Interactions between multibiome members regulate the intestinal community.

In addition to immune-mediated regulation, composition of the intestinal ecosystem is dynamically regulated by interactions across taxonomic boundaries.

A) A diverse commensal bacterial community limits outgrowth of opportunistic or pathogenic bacteria and Candida albicans by niche competition for space and nutrients, production of metabolites and immune-mediated mechanisms.

B) Bacteriophage diversity can dictate bacterial community composition and drive evolution, through a predator-prey relationship. Some enteric pathogens have evolved to take advantage of the ubiquitous presence of intestinal commensal bacteria. Bacteria expressing histo-blood group antigen (HBGA) promote human and murine Norovirus can promote infection of B cells.

C) Helminths have evolved to utilize cues from commensals, to ensure the life cycle is completed in the appropriate location and host. Helminth-induced type 2 responses promote a thickening of the mucus layer, which can alter the colonizing microbiota species.

3.2. Coevolution Between Intestinal Pathogens and the Multibiome: The Bacterial Microbiome Cues ‘Home’

The gastrointestinal tract is colonized with commensal species along its entire length. Although bacterial populations differ depending on physical location (mouth, stomach, small and large intestine), a number of pathogens have evolved to utilize conserved microbial features such as biofilm formation and microbe-associated molecular patterns (MAMPs) to their advantage. Bacterial biofilms provide a platform for fungal colonization (Shirtliff et al., 2009, Iliev et al., 2012) and intestinal helminths have evolved to use commensal bacteria as cues that they have reached the appropriate destination to develop (Hayes et al., 2010, Reynolds et al., 2014). Once established, some helminths support expansion of immunoregulatory bacterial populations, which promote Treg differentiation as an additional and indirect means of creating a tolerant immune environment that favors helminth persistence (Zaiss et al., 2015). Moreover, multiple enteric viruses (huNoV, poliovirus, reovirus and mouse mammary tumor virus) have evolved to utilize bacteria to improve infectivity and transmission by either stabilizing virion structure, enhancing host receptor-binding, or inducing a tolerant environment (Karst, 2016). These findings indicate that intestinal pathogens have evolved to utilize the bacterial microbiome to enhance their fitness and infectivity (Fig. 4).

4. Host-multibiome Interactions Influence Infection and Immunity

4.1. Nature vs.
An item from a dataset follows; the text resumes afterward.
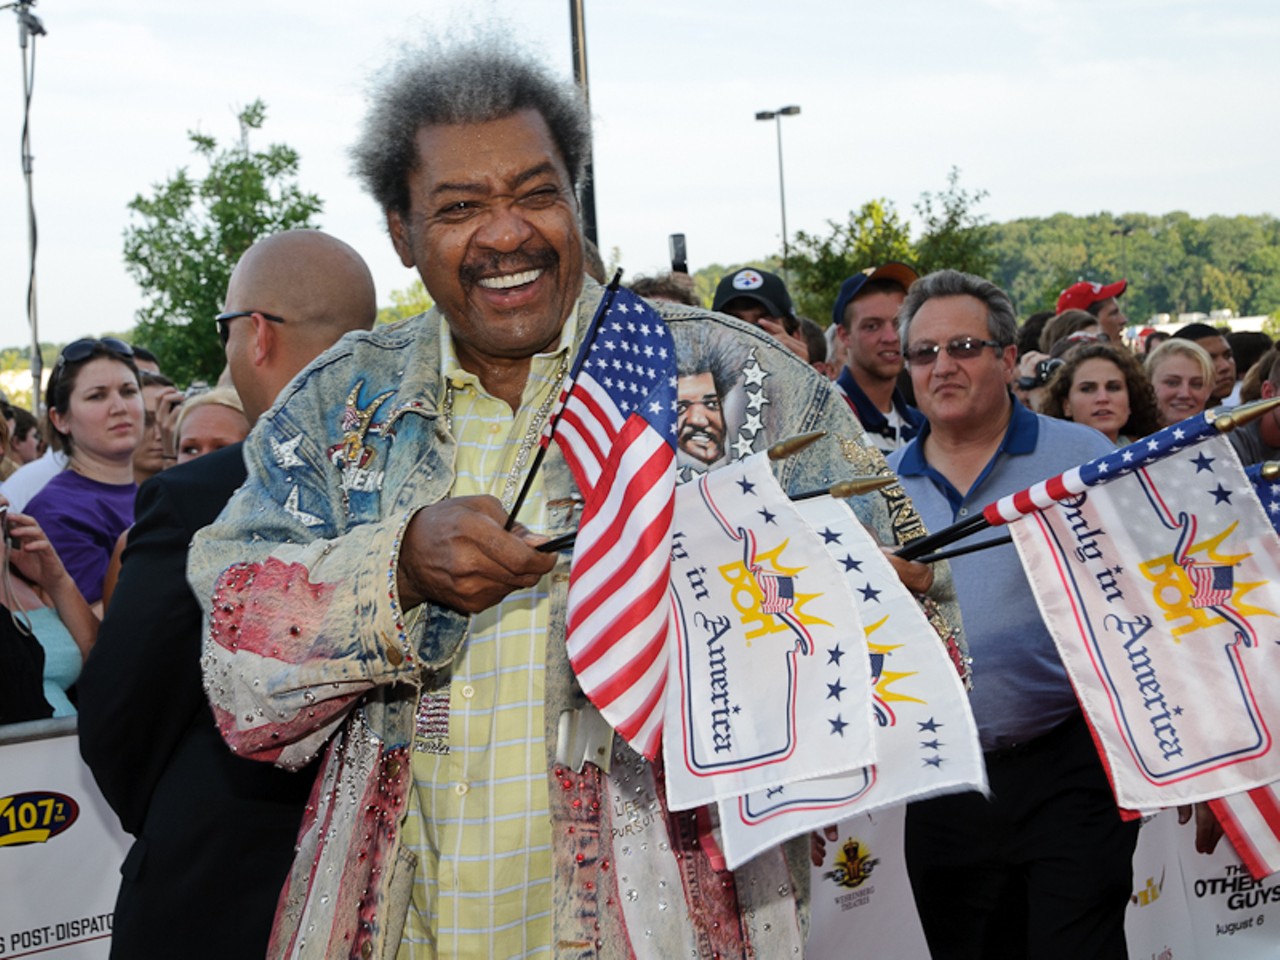 Don King, showing love to the press section at The Other Guys' Other Premier.

Nurture: Environmental Contributions to Immune Homeostasis

The crosstalk between environmental factors (including the intestinal multibiome) and the mammalian immune system significantly shapes immune homeostasis, accounting for up to 75% of an individual's cellular immune profile, whereas genetic factors account for ~ 25–50% (Orru et al., 2013, Brodin et al., 2015). Socio-economic status, diet, infection history, pet ownership, and exercise are all associated with inter-individual differences in immune homeostasis and intestinal multibiome composition (Carr et al., 2016, Song et al., 2013). Intimate sharing of an environment while co-habiting and co-parenting is linked to immune profile convergence between unrelated individuals (Carr et al., 2016). Co-habitation is also coupled to bacterial microbiome convergence between unrelated individuals and even between their pets (Carr et al., 2016, Song et al., 2013). Although these studies focused on the intestinal bacterial microbiome, environmental factors likely influence other members of the multibiome as well. Indeed, the intestinal virome is highly similar between infant co-twins and as the twins are exposed to different environmental conditions, similarity of the DNA virome diminishes by adulthood (Reyes et al., 2010). Together, these findings indicate that the intestinal multibiome is sensitive to environmental exposures and contributes to immune homeostasis. This concept adds a layer of complexity to the future of personalized medicine and suggests that the human metagenome (an individual's genome plus the genomes of their unique multibiome) may influence not only the development of disease, but also responsiveness to therapeutic intervention.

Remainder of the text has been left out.